When they came for me in the middle of the night, I wasn’t ready. Ridiculous, I know. All those years, all that degradation and horror, and there I was, scrabbling on the floor in fear, hands in the dirt, my back against the wall. Terrified.
All those years, and I couldn’t leave my cell. Just a sad, pathetic old man cringing, dropping to my knees at the very sight of the guards wands. Experience tells, and they'd be quick enough to Stupefy or worse if I didn’t move. And they want to hurt, want just that one last chance to hex or curse because today I’ve been granted my freedom.

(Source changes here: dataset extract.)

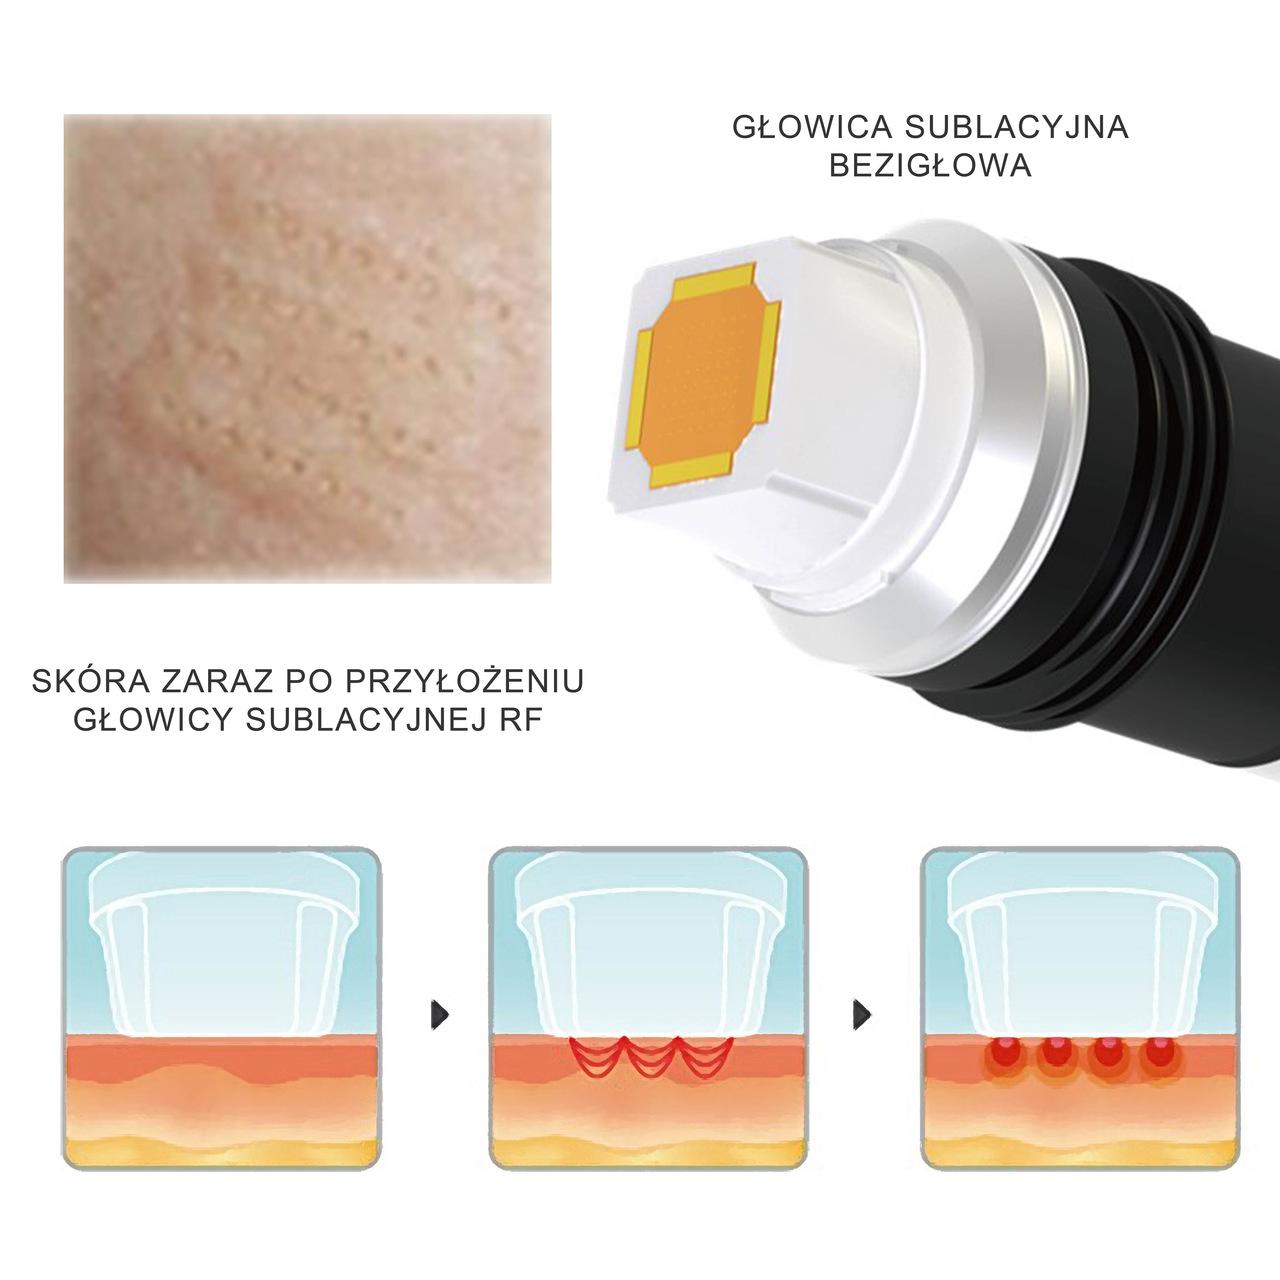 resurfacing light powierzchniowe odmładzanie

I know the drill. I lay in the filth, full compliance while they attach the shackles. Any movement means a bruise, and I learnt quickly that while magic leaves traces, some good old-fashioned prison violence is just part of the currency here. Made the mistake of looking one of them in the eye a few years ago and it turned out he lost a brother in the War. Cissa told me afterwards that she didn’t think I’d pull through that time. Infirmary for over a month. I think perhaps he got some sort of warning.

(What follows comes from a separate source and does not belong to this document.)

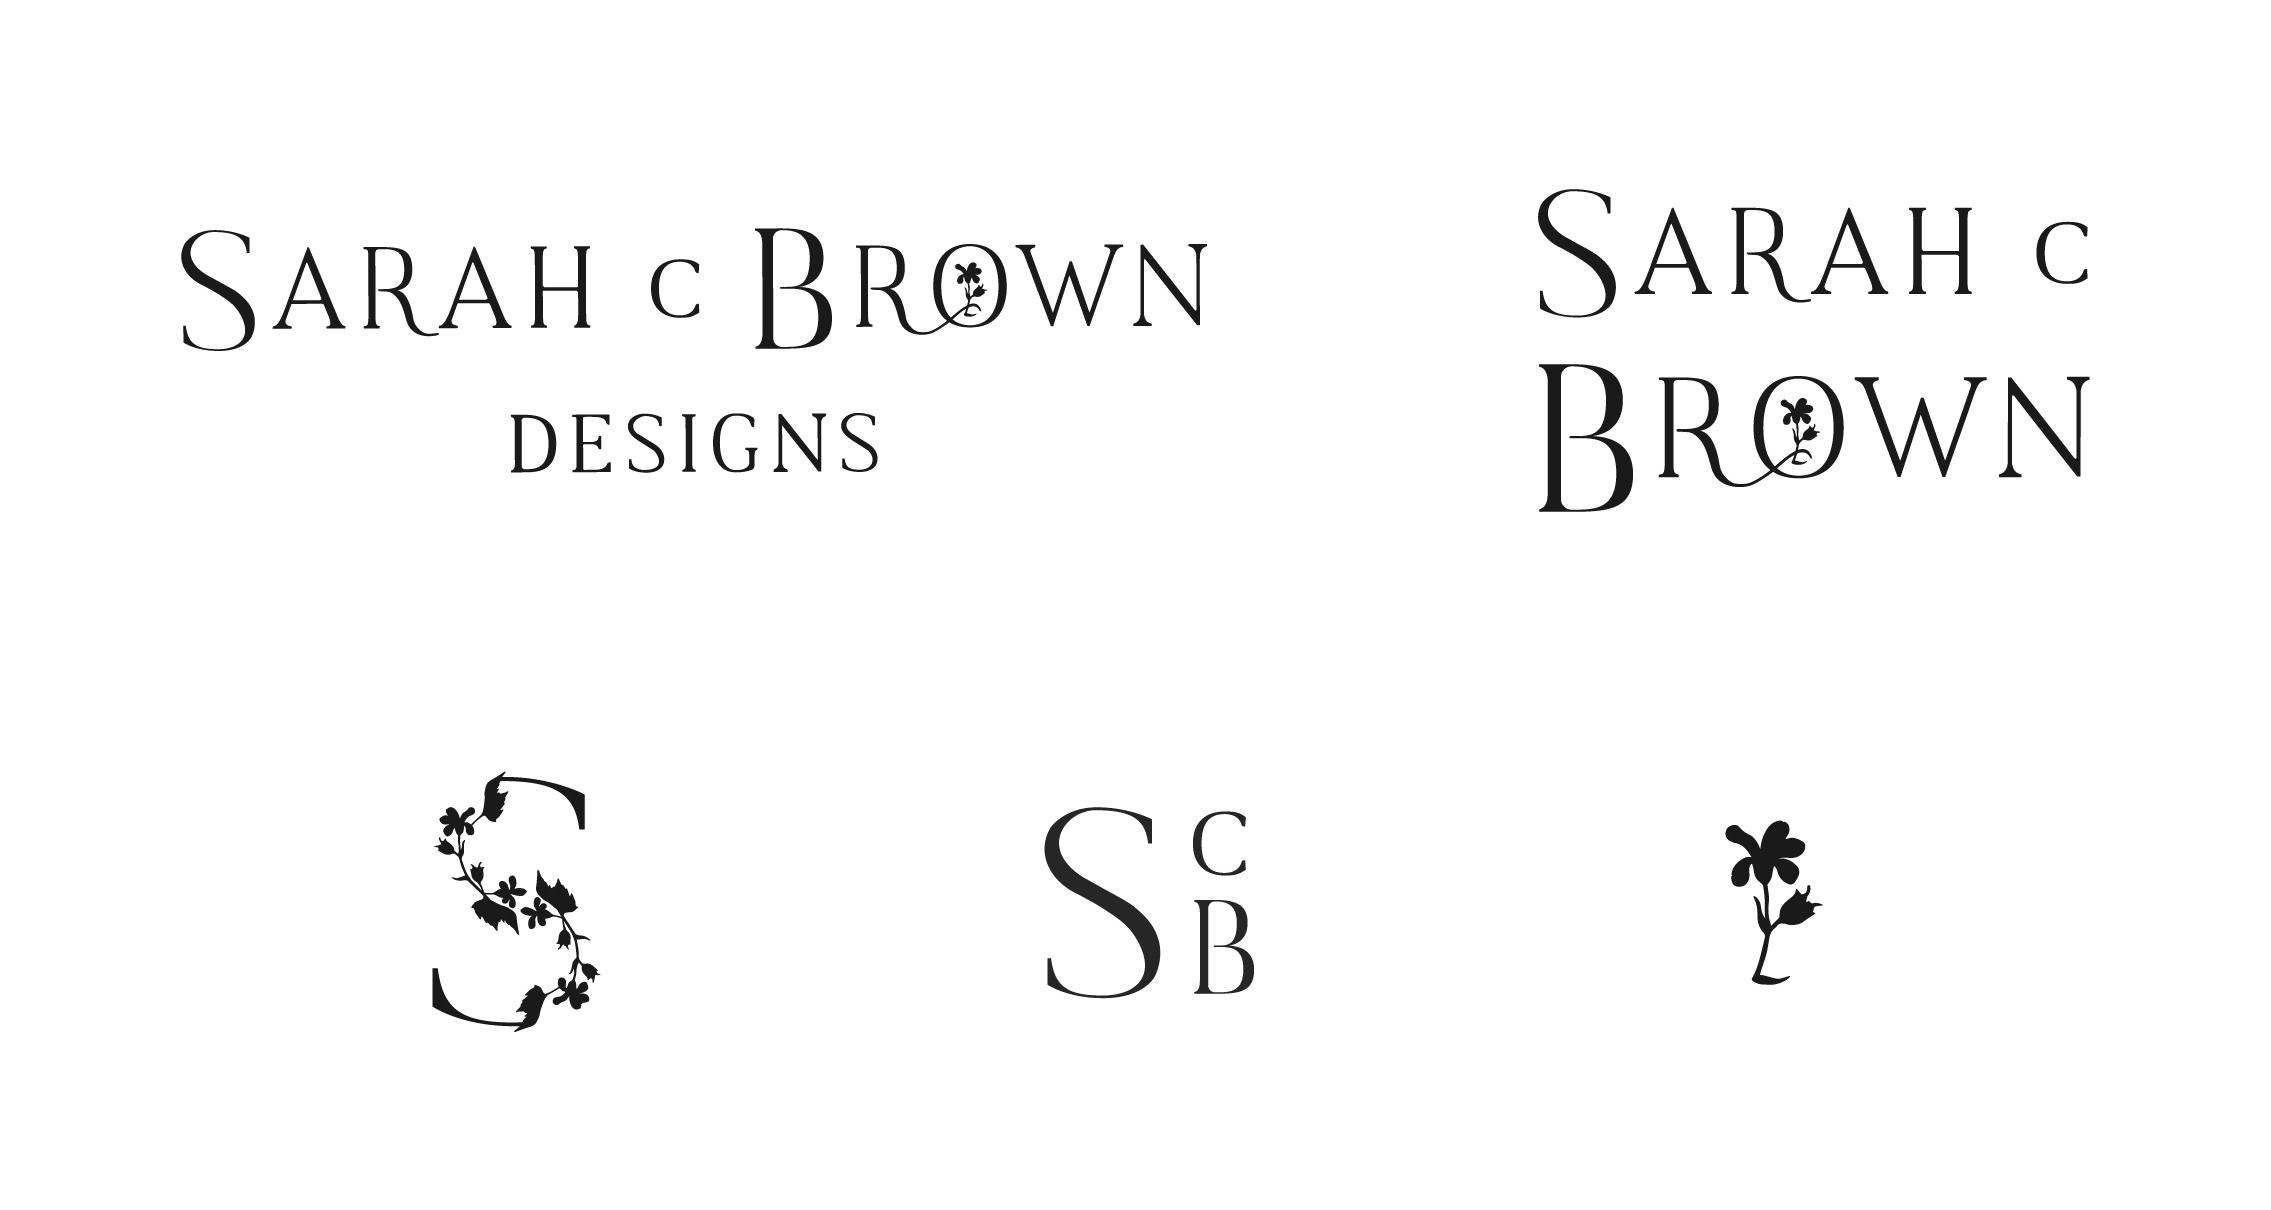 sarah-c-brown-designsLOGOS-02.jpg

Apparently its Christmas. There's no such thing as seasons here, no weather, no view. Nothing to mark the days. My damp, grey cell has no windows, and I rarely leave it. Without Cissa to anchor me, my sanity would have slipped, there is no doubt. The guard laughs, muttering something about the Ministry burying bad news. I keep my head down, cringing and pathetic, but always listening. Ought to be burying this bastard, counters the other.
Freedom has taken such a long time. I have a grandson now. Scorpius. A strong name, powerful. When I heard that he had been born, something shifted in me. A life beyond these walls. The world had turned and suddenly there was desire, purpose. A future. Cissa laughed when I begged her to get me out, looked at me with scorn, but in my heart I knew it could happen. Family is everything.
Of course, I knew she didn’t truly want to. For years after the War she barely tolerated me: mute with loathing, she couldn’t even look me in the eye. Every week we sat in savage silence, but every week she came. Society expects, after all and I was still her husband. Something must have softened within her as the years passed, and one day she spoke. Sometimes only a word, or a sentence. But, in the uttering of the name Astoria, and in her telling me of the joy, the love, that she had brought to our son, something broke within her. Hope had bloomed in her heart. Like I’ve always said, family is everything.
They give me time to wash and change. Like water could wash away the dankness, the rot of the prison. The grey tinged skin, the sunken eyes. Lank white hair hanging in greasy tails down my back. I’m an old man now, powerless and broken, tattooed with numbers that I’ve come to recognise quicker than my own name. The clothes I’m given were mine once and they hang loose, my body skinny and worn. They feel so particular, heavy and thick. I used to dress like I wanted to battle the world. Now I just want to hide.
I’m struggling, my chest tight and my breath gasping. I can’t control my spiralling thoughts now the moment has come. Apparently, its a Ministry effort to bring some of the old Pure-Blood families back into line. A few concessions, a few early releases. The most pathetic, the weakest. Those, who, without the Dark Lord are little more than a joke.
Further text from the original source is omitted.